(Data block):
• • • • •

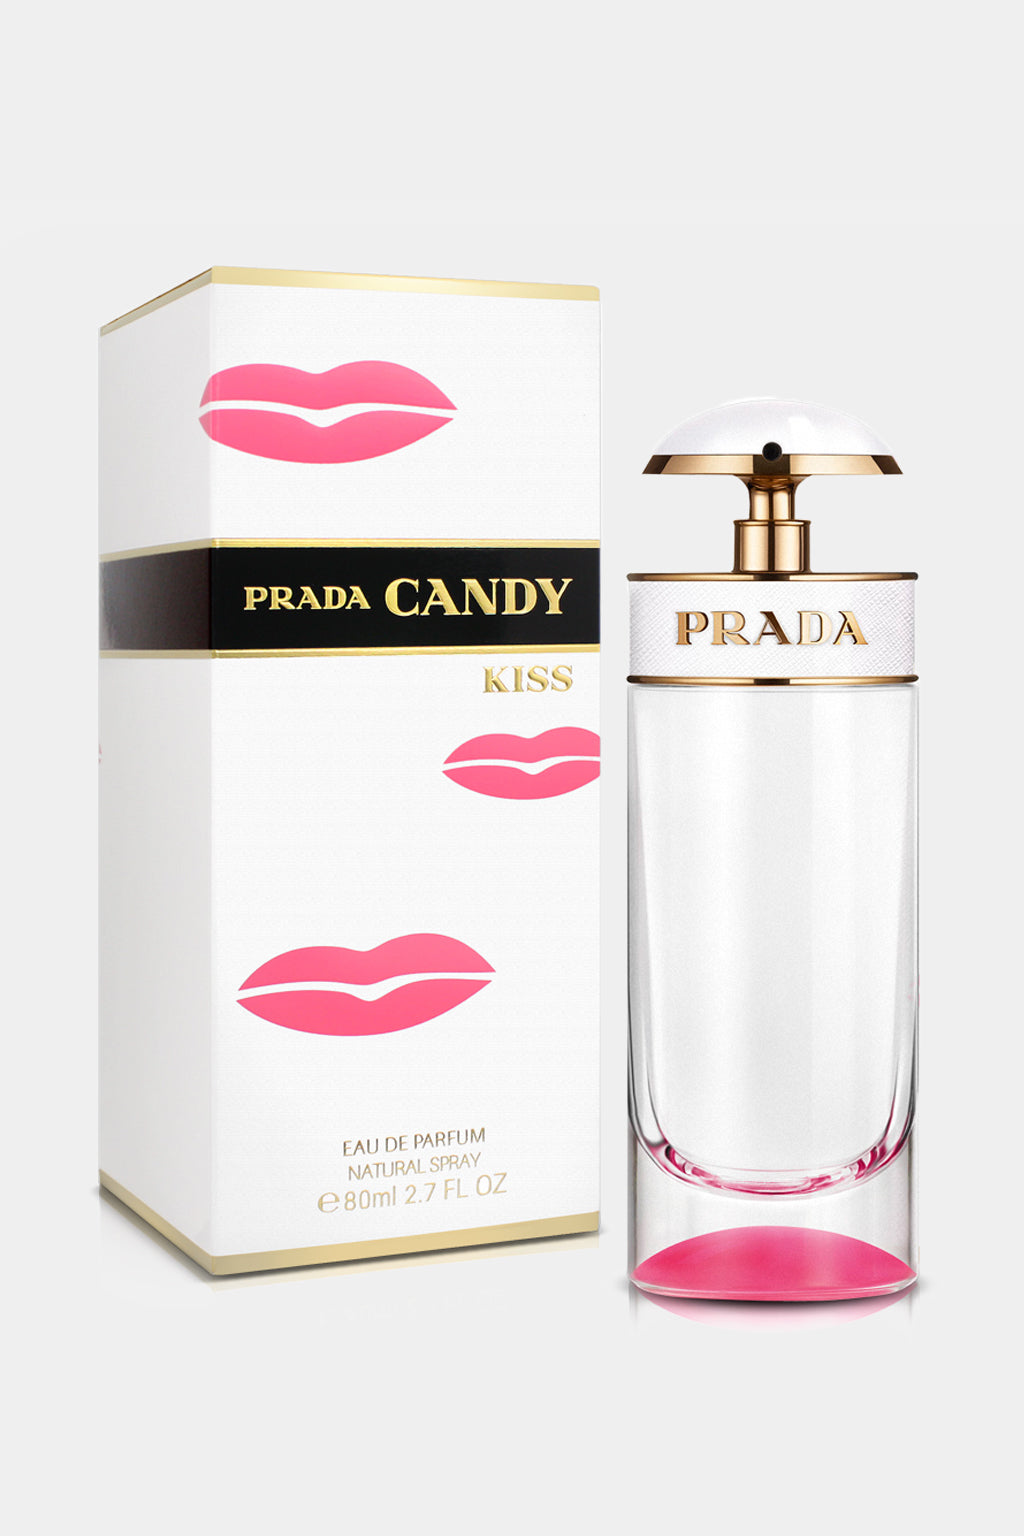 Prada - Candy Kiss Eau de Parfum
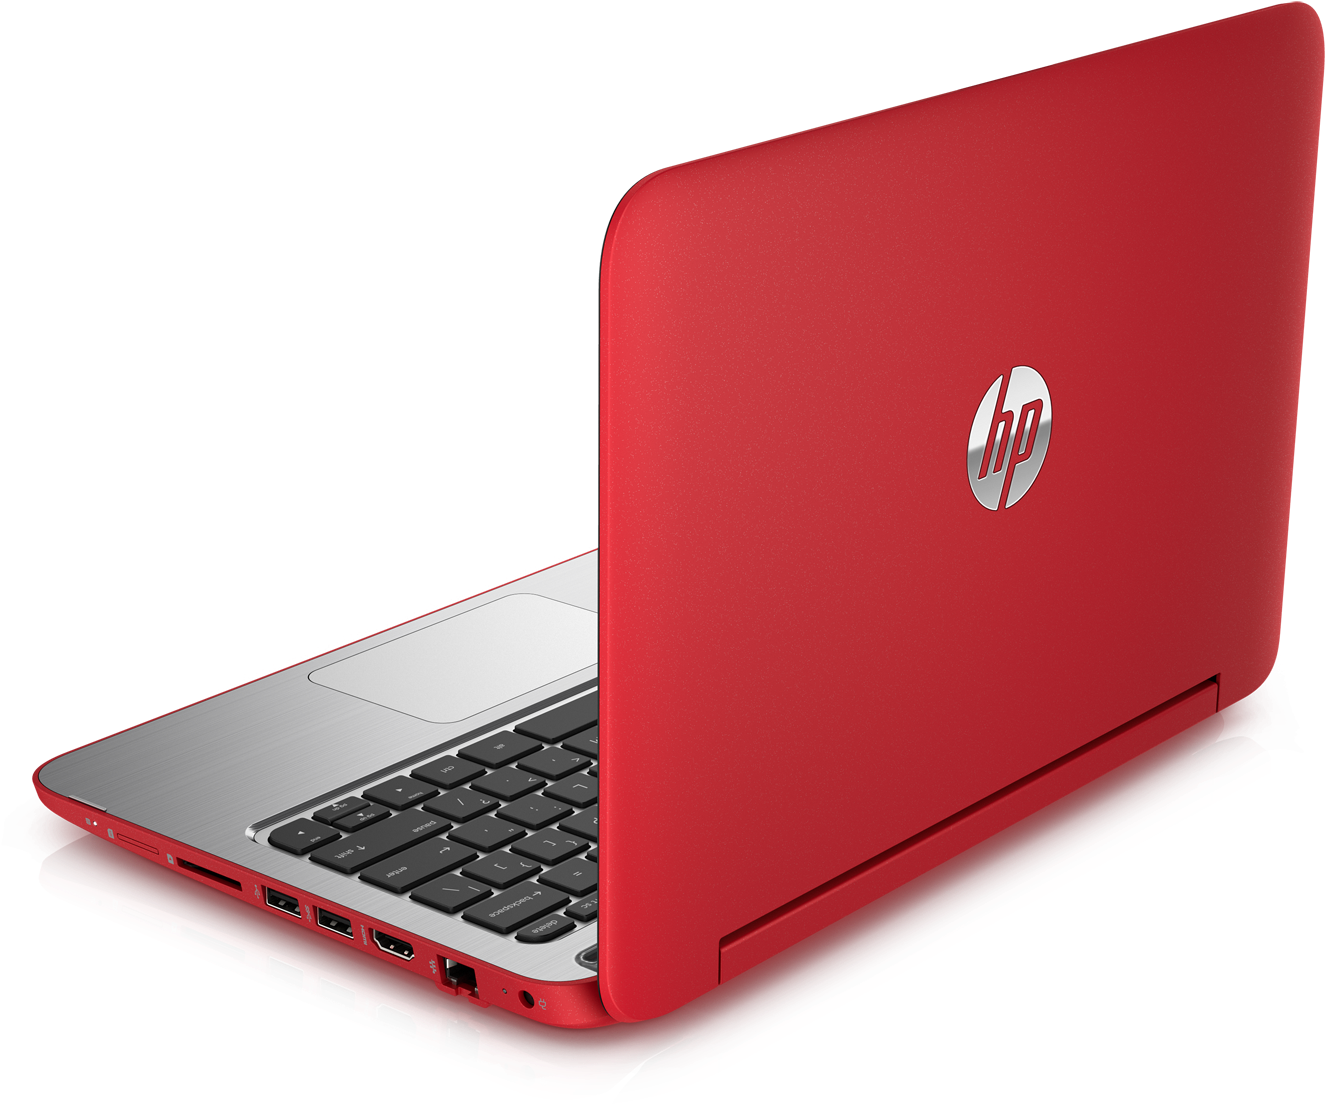 Hp Laptop Png Pic - Hp Beats Pavilion Laptop Clipart (1600x1200), Png Download
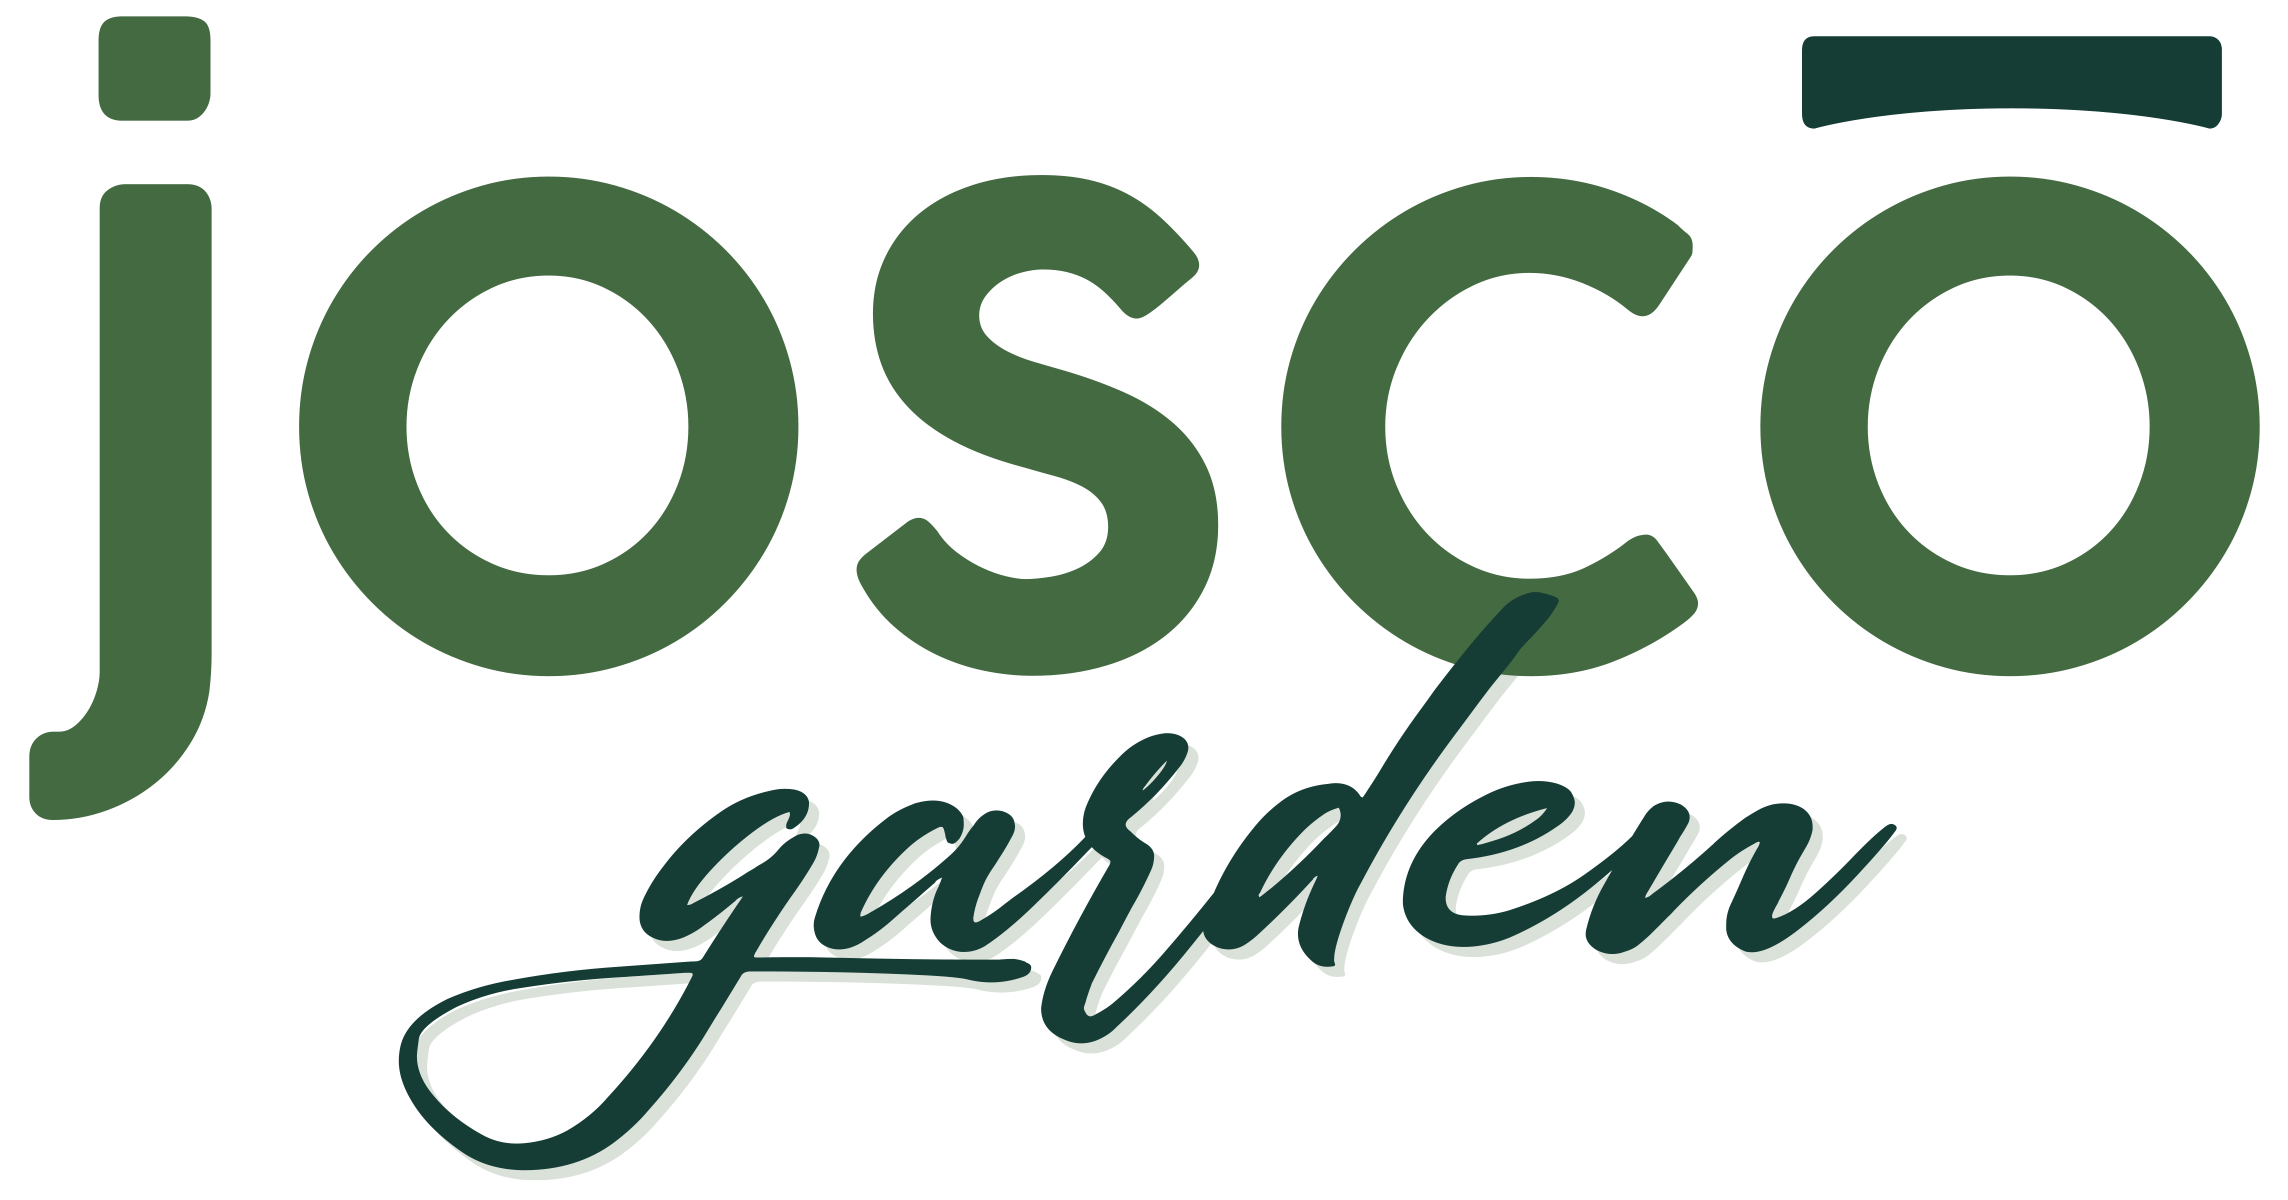 Josco Garden logo

• • • • •

(Work request): What is needed is the listing above, repeated verbatim, without its images.

(Answer box):
 Prada - Candy Kiss Eau de Parfum
 Hp Laptop Png Pic - Hp Beats Pavilion Laptop Clipart (1600x1200), Png Download
 Josco Garden logo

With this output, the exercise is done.